When it comes to investing, it’s important to consider your options, and make decisions that are likely to help you now — and in the long term. One of those choices is investing with the online broker that is right for you. Here are a few things to think about as you choose an online broker:

Transaction/Commission Costs

One of the first things to look at is what the broker charges in terms of investment costs. You will always have to pay some sort of transaction fee or commission. Most online brokers, though, will just charge you a flat fee when you make a trade. Check the flat fee, and make sure you understand what your costs will be.

Also, check for higher fees for real-time trades, as well as the costs associated with over-the-phone consultations. Consider what services you are most likely to use, and the costs associated with them to help you figure out how to get the best possible value.

Available Investment Research

When you are making your own decisions, and directing your portfolio, it becomes quite important to make sure that you are taking full advantage of the investment research available to you. Does the online broker offer you a large amount of research? This can be important if you are looking for the tools you need to make the right decisions for you. Double check the type of research offered, and its completeness. In some cases, it is worth it to pay a slightly higher transaction fee in order to take advantage of better research and other tools.

Web Site Usability

Another important consideration is the web site usability. Do you have access to the trading tools you need? Is the interface intuitive? If you have questions, can you quickly reach someone via instant message chat? Think about the items that are most important to you when it comes to user experience on a broker’s web site. Choose a site that fits your needs, and offers the tools you need to be a successful investor.

Variety of Options Available

For most “boring” investors, most online brokers are sufficient. Many online brokers offer access to individual stocks, index funds and ETFs. In most cases, you can also open an IRA via your online broker. However, it’s important to realize that some more complex investing options may not be available through an online broker.

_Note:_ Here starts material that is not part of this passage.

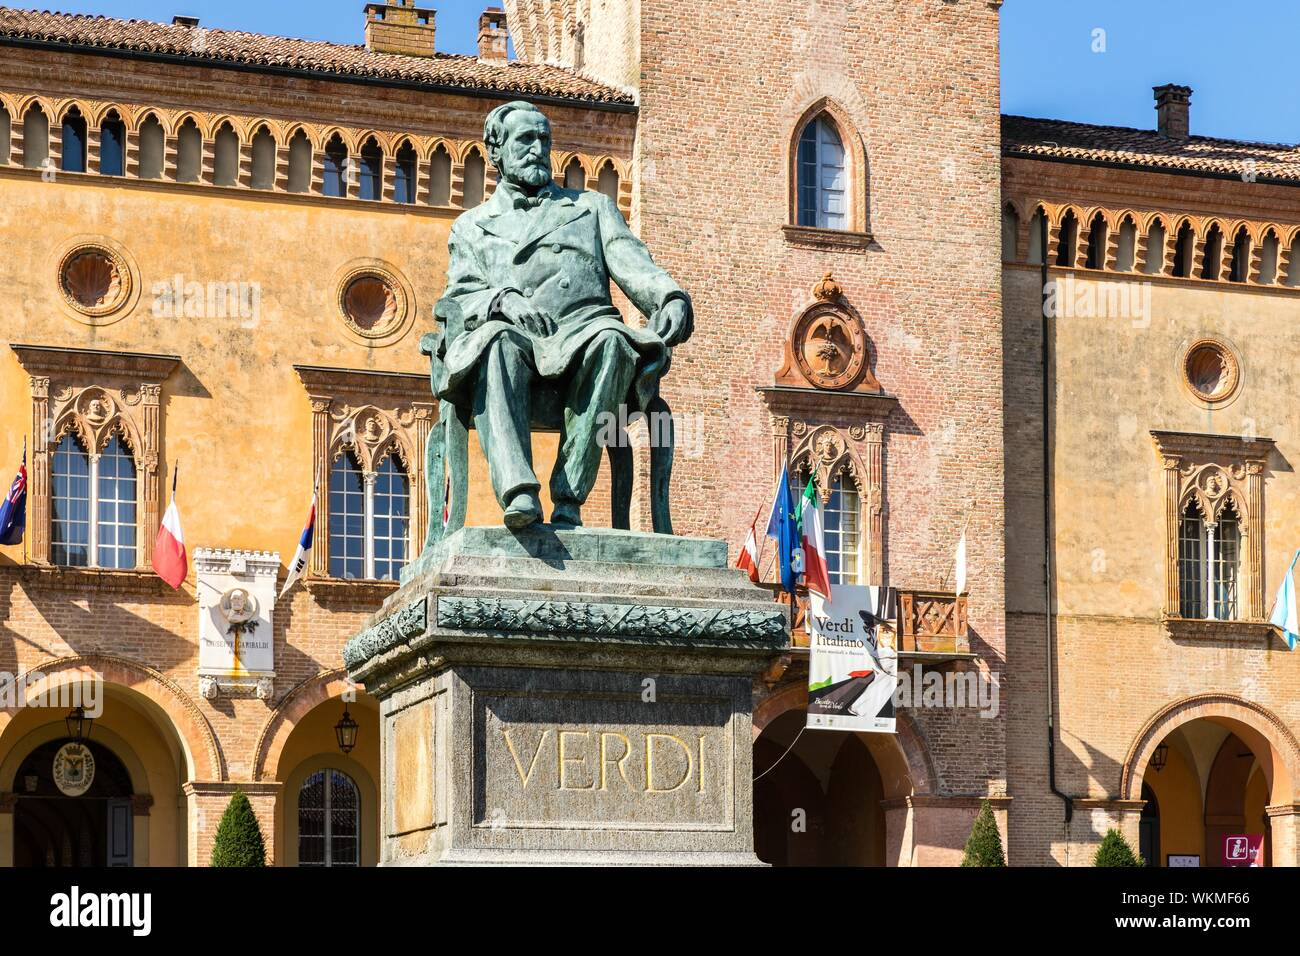 Teatro Verdi Parma Stockfotos & Teatro Verdi Parma Bilder ...

If you are looking for more advanced options, you might want to go through a major stock broker. You can usually sign up online, and manage your account via the Internet, but still have access to full-service brokerage options. You might also find that a broker that can help you buy the more complex financial instruments that you might not have access to through online-only brokerages. In some cases, it works better to interact offline with a broker who can help you meet your more advanced needs.

Bottom Line

Your first step is to figure out exactly what you want to accomplish with your investment portfolio. Consider your long-term objectives, and research different brokerages. For most people, an online brokerage is the best option, since it is low-cost, and it will allow you to make your own decisions with investments that are relatively easy to understand. For those who are a little more advanced, however, it might make sense to get the help of a broker, or pay to use a site with more investment options.